PowerShell and SRP Logs use the same file which is each time replaced by the new content::
%LocalAppdata%\Temp\SWH_BlockedEvents.log

FirewallHardening Log
c:\Windows\Temp\??????????????????\0\Firewall.log

ConfigureDefender:
c:\Windows\Temp\??????????????????\0\Defender.log

If H_C is installed:
c:\Windows\Hard_Configurator\Temp\FirewallHardening\0\Firewall.log

 

[Andy Ful]

Are WHHLight + ConfigureDefender + FirewallHardening settings changed?

 

[Victor M]

in WHH the middle slider fir SmartScreen was turned ON. I had it to off before.

Configure Defender: Admin SmartScreen for Explorer: reduced to Warn

Can't tell if Firewall Hardening was changed because I did not copy down your LoL Bin settings beforehand.

 

[Andy Ful]

Can't tell if Firewall Hardening was changed because I did not copy down your LoL Bin settings beforehand.

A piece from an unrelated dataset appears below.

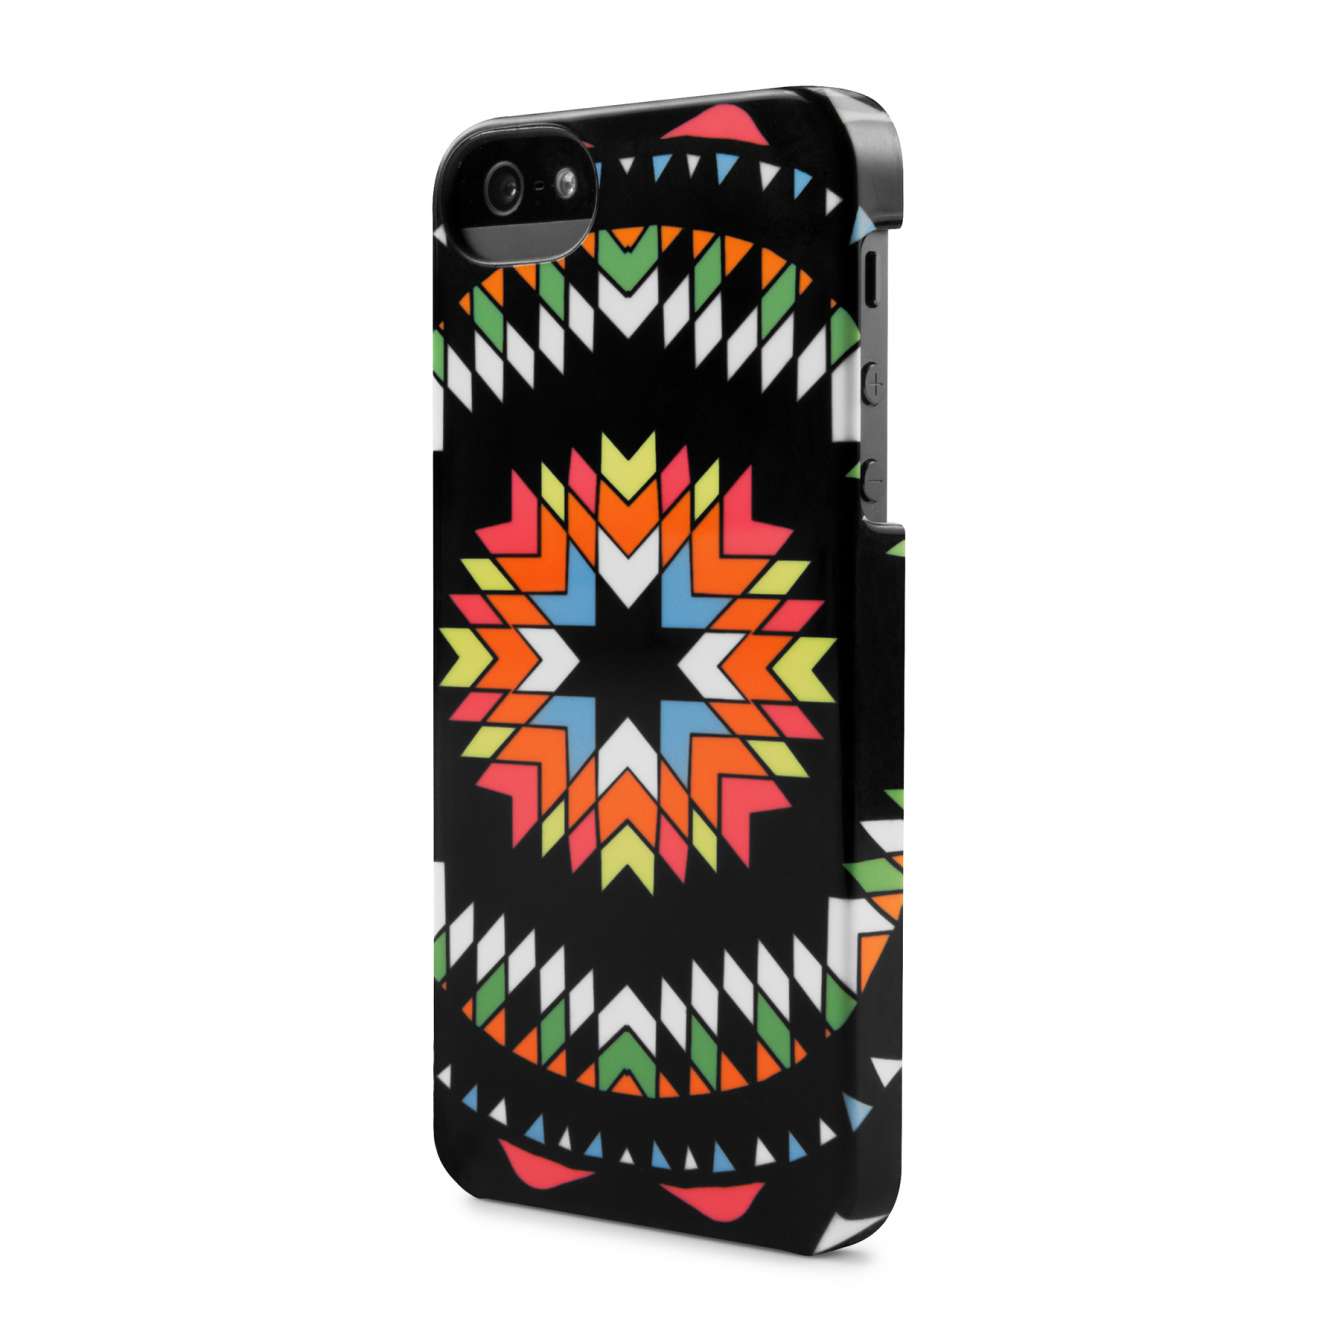 Mara Hoffman x Incase iPhone 5 Snap Cases-2

You can count the number of entries.
What about the FirewallHardening Log?
Did you see any alerts when running WHHLight?

 

[rashmi]

Configure Defender: Admin SmartScreen for Explorer: reduced to Warn

I have the same on my system; I believe turning ON WDAC in WHHLight switches the SmartScreen for Explorer setting in ConfigureDefender to Warn.

 

[Andy Ful]

I have the same on my system; I believe turning ON WDAC in WHHLight switches the SmartScreen for Explorer setting in ConfigureDefender to Warn.

Yes, you are right.

 

[Victor M]

Hi Andy,

167 items in FirewallHardening

I forgot to turn on Logging for Firewall Control, I only tried to log Defender firewall, and the log was gone.